The usual suspects were lined up along the bar and greeted him less with warmth than expectation, expecting that for once he might be flush and stand a round of drinks, they admired his tan, and when he shouted to the bartender, “Pint of your best bitter, my good fellow,” they shrugged, collectively, same old, same old.
It was the kind of pub where everything was for sale, even your mother, well, your mother’s pension, anyway. There was a quite a brisk trade in old age pensioners’ pension books, and of course there was always someone cashing some unfortunate Australian backpacker’s travelers cheques. You recommended a good cheap hostel to them, clean and friendly, and while they went off to make the call, you relieved them of their belongings.
Doing the chaps and gells a favour, actually. Now they’d really have an adventure, see how friendly
London was when you were skint. Which is why all the bar staff in Earls Court had Aussie accents, the trips to Italy, etc., shall we say, um, deferred.

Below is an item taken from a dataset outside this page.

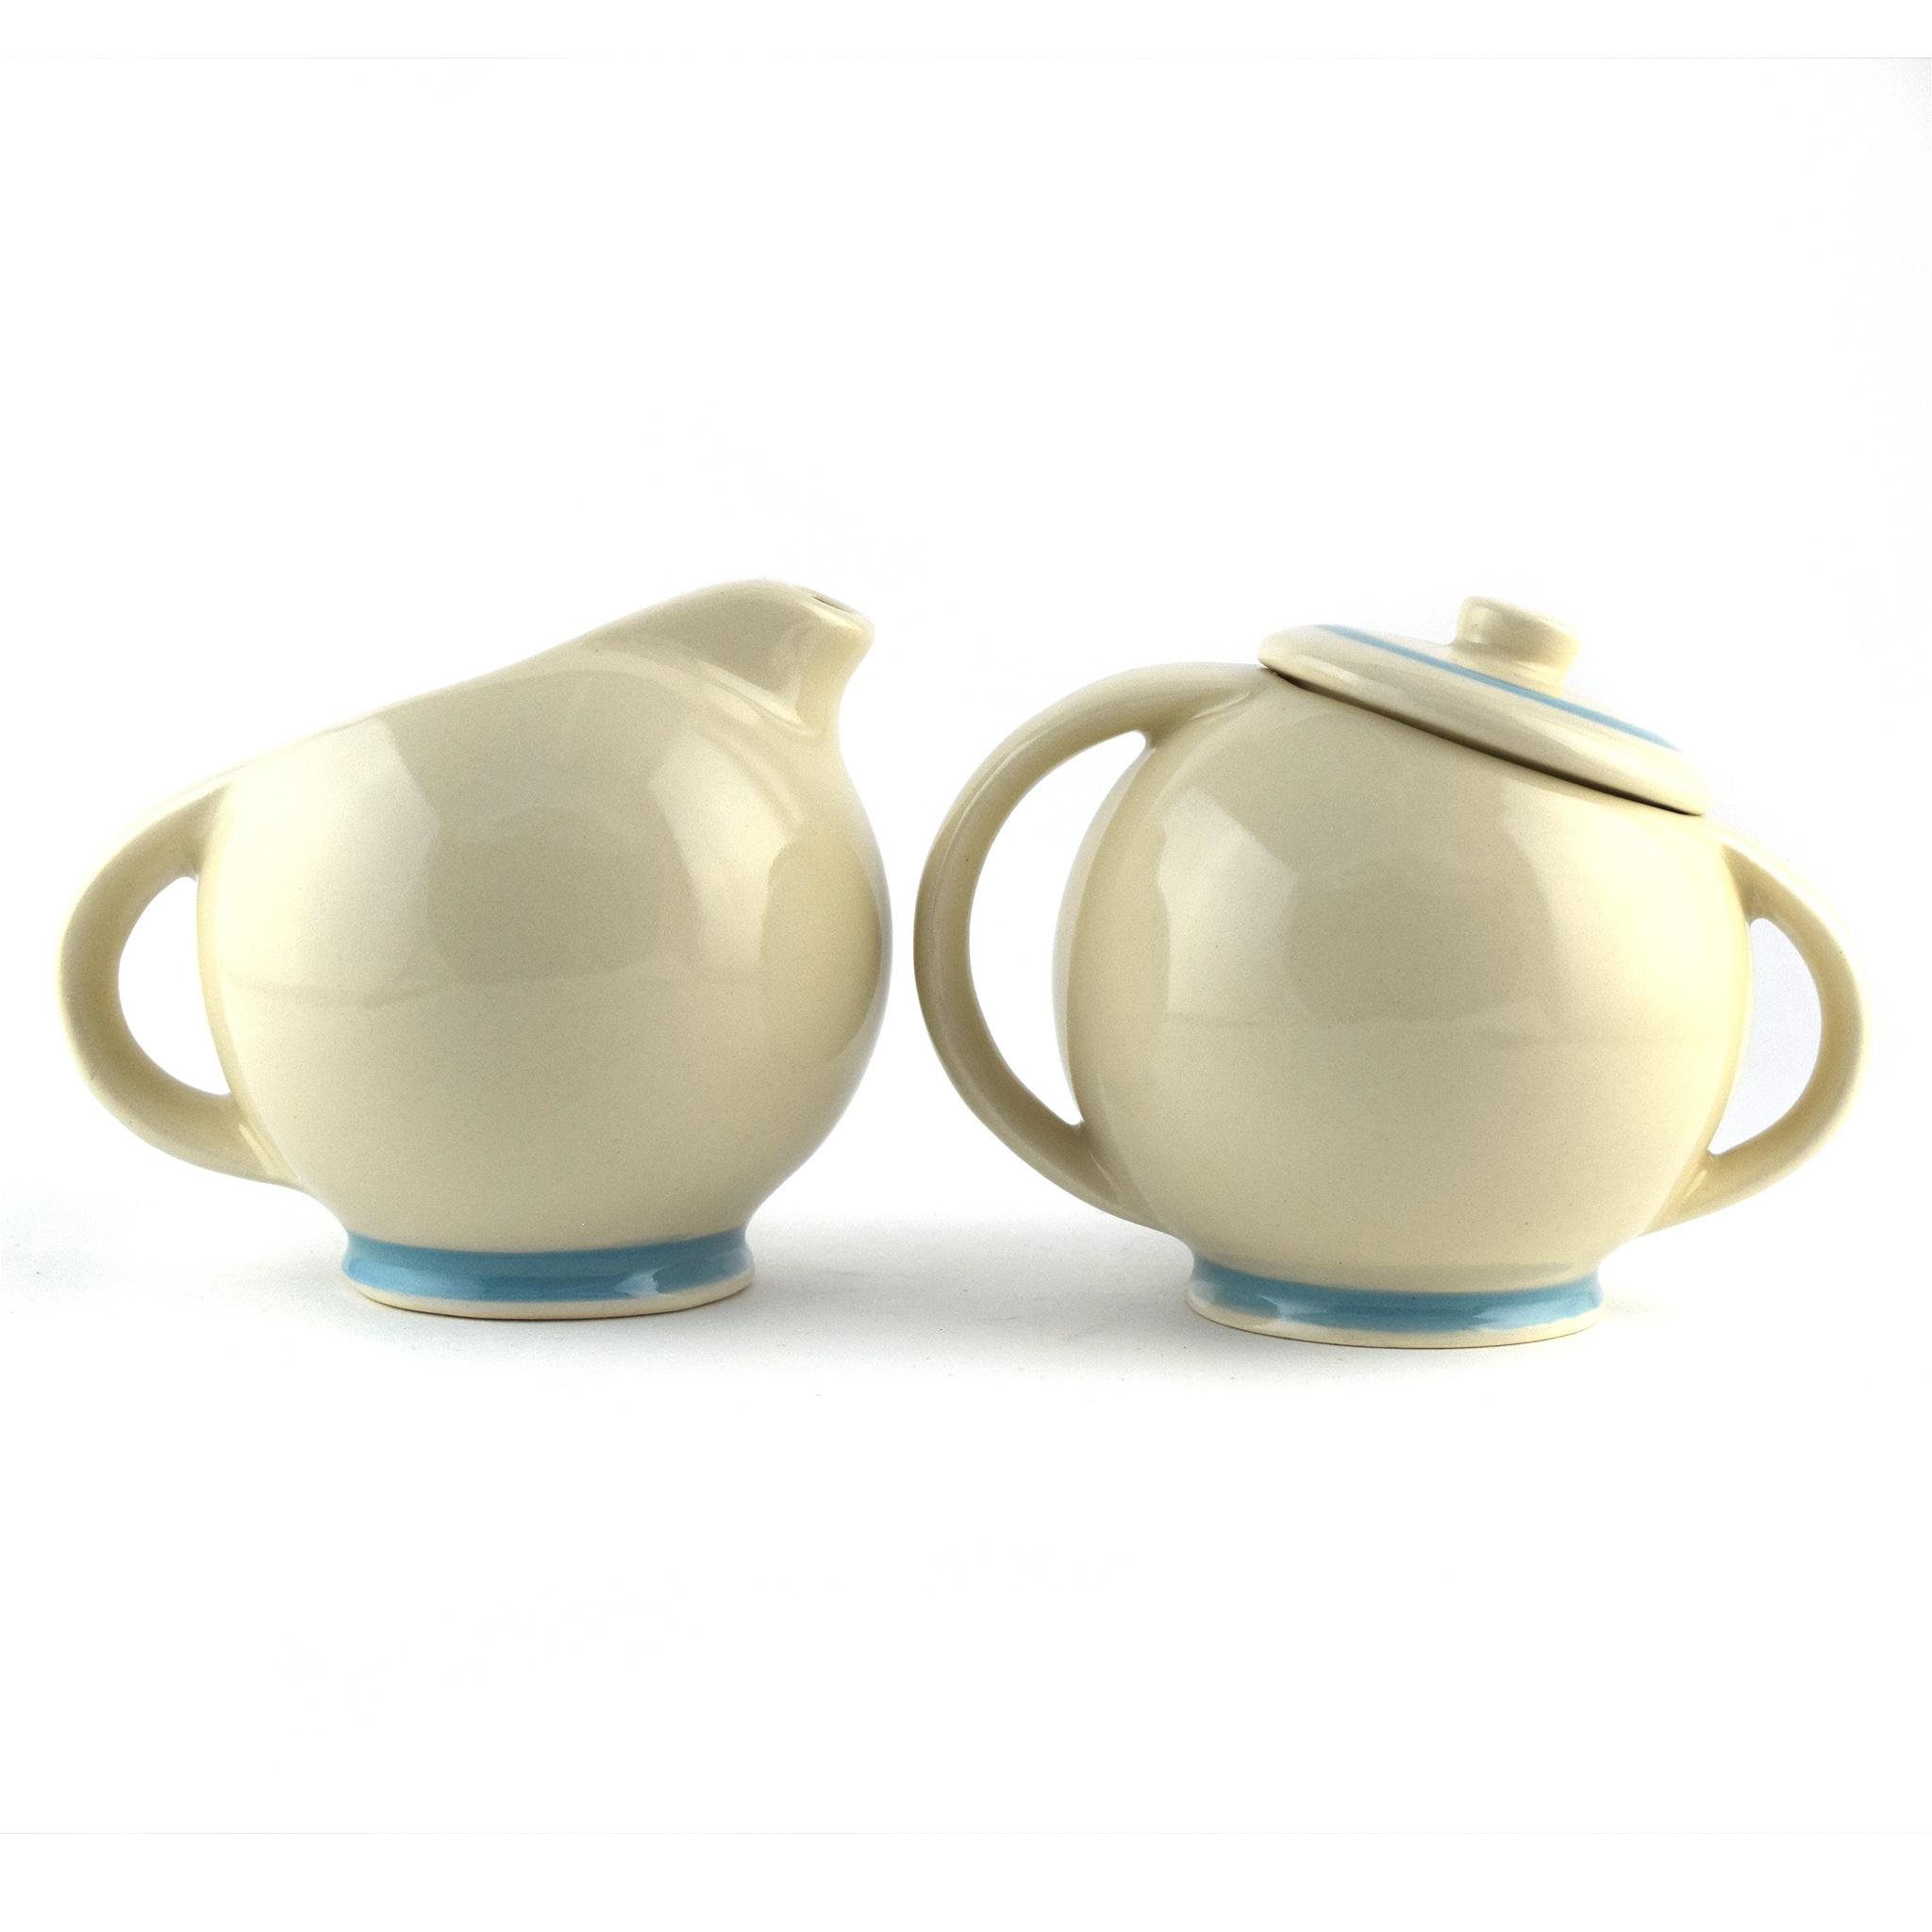 Medalta Ware Reproduction Slanted Cream & Sugar Set

Sebastian managed to bum a twenty from an Irish guy who was three sheets to the wind and got the hell out of there. The black cab to Hampstead cost most of the borrowed dosh but ah, glorious Hampstead, where Sebastian felt he belonged — that, or of course, Windsor.
He paid the driver and gazed in wonder at the address. It was a semi-detached in a nice leafy lane. Whistling a few bars from
Bridge on the River Kwai
, he let himself in, hoping to fuck she didn’t have a dog.
Cash, the house reeked of it. Flokati shag rugs on the floor and paintings, dammit all, one of them looked like a, golly gosh,
a Constable.
And the decoration, even to his untrained eye, had obviously cost a bundle, all that posh leather furniture that creaked when you sat in it but looked good in the glossy mags. First things first, he found the drinks cabinet, found, ah yes, Gordon’s and mixers. Then he found a nice large Gucci holdall and began to fill it with swag.